PD-L1 CAR T Therapy May Suppress the Gastric Cancer Tumor Microenvironment


Vax-CAR-T cells significantly suppressed tumor growth in mouse models in both smaller and larger tumors.

Recent preclinical research suggests that PD-L1-targeted chimeric antigen receptor (CAR) T-cell therapy may improve onefficacy of current CAR T-cell therapies in solid tumors by removing PD-L1-expressing cells in the tumor microenvironment (TME).1

These data were presented at the American Associated for Cancer Research (AACR) Annual Meeting 2023, held April 14-19 in Orlando, Florida, by Hye-Seong Park, VaxCell Biotherapeutics.

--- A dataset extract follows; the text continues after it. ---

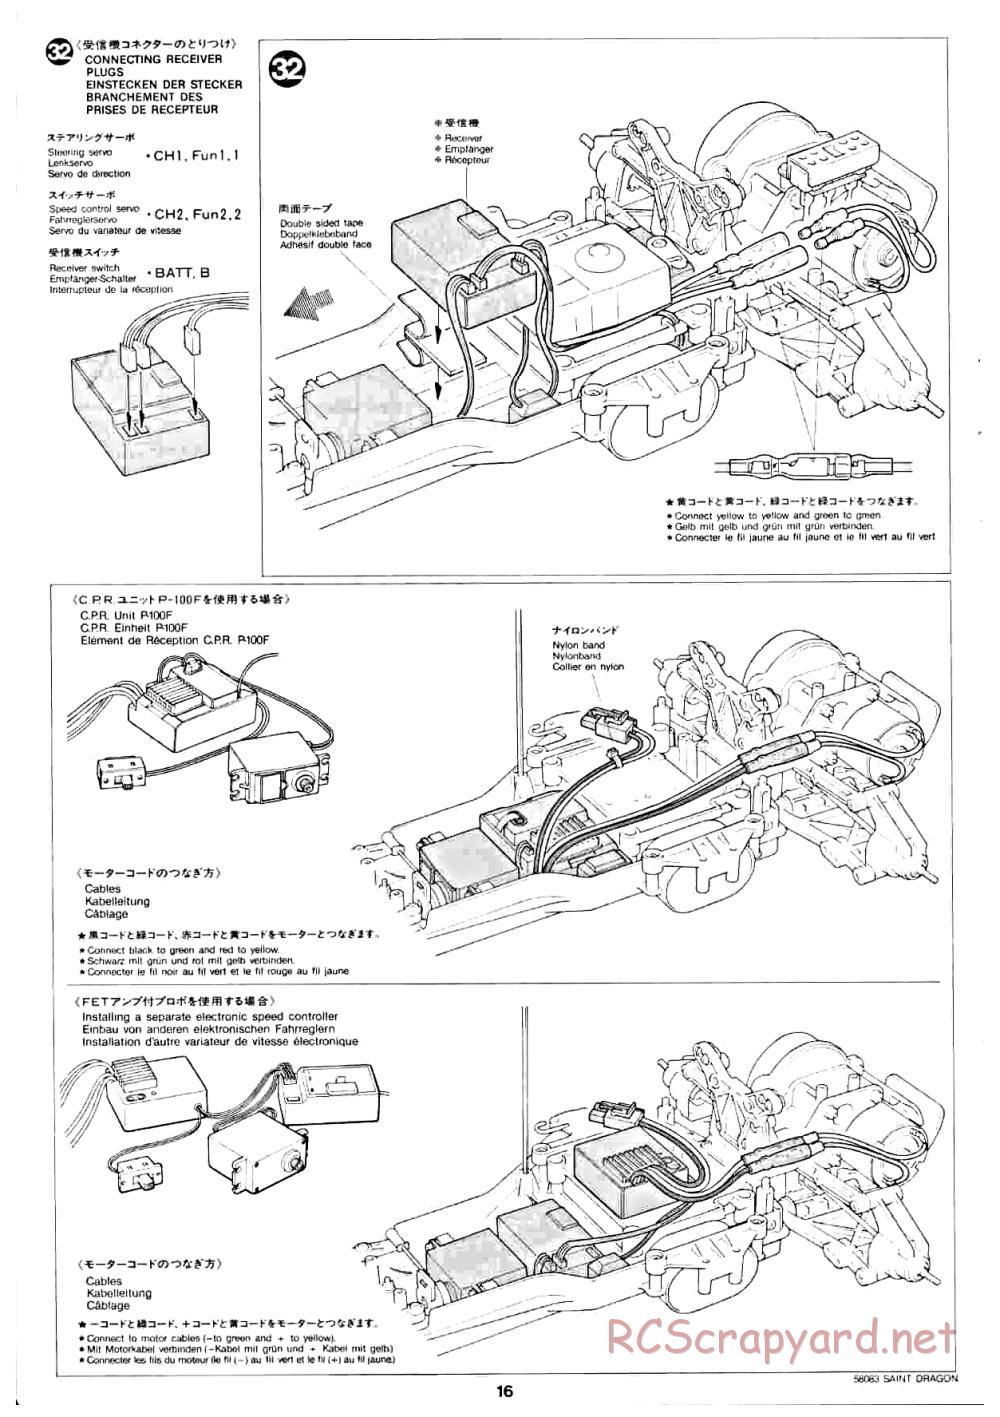 Tamiya - Saint Dragon - 58083 - Manual - Page 16

“Heterogeneity and the tumor microenvironment are major obstacles to overcoming incurable advanced gastric cancer (AGC). Although Epstein-Barr virus-positive and microsatellite instability subtypes can be detected early and properly treated, they are rare in AGC. In this regard, recent combinational therapy of immune checkpoint inhibitors such as PD-1/PD-L1 inhibitors and other various therapeutics has been tried, but there are clinically limited doses and drug resistance,” Park and colleagues wrote.1 “We hypothesized that CAR-T targeting PD-L1, the common tumor-associated antigen (TAA), which expresses in most advanced cancer cells, would make a significant breakthrough in curing a solid tumor.”

Park and colleagues constructed a second-generation PD-L1-targeted, lentiviral, CAR T-cell therapy to have an affinity with PD-L1 in the solid tumor TME. Cd28 was chosen and tested as the secondary signaling motif. Vax-CAR-T, the resulting therapy, was then able to recognize and exhibit in vitro cytotoxic activity against a PD-L1-expressing AGC cell line. Vax-CAR-T cells had higher levels of the CD25 activation marker as well as the Tim3 and LAG3 inhibitory markers compared to untransduced T cells.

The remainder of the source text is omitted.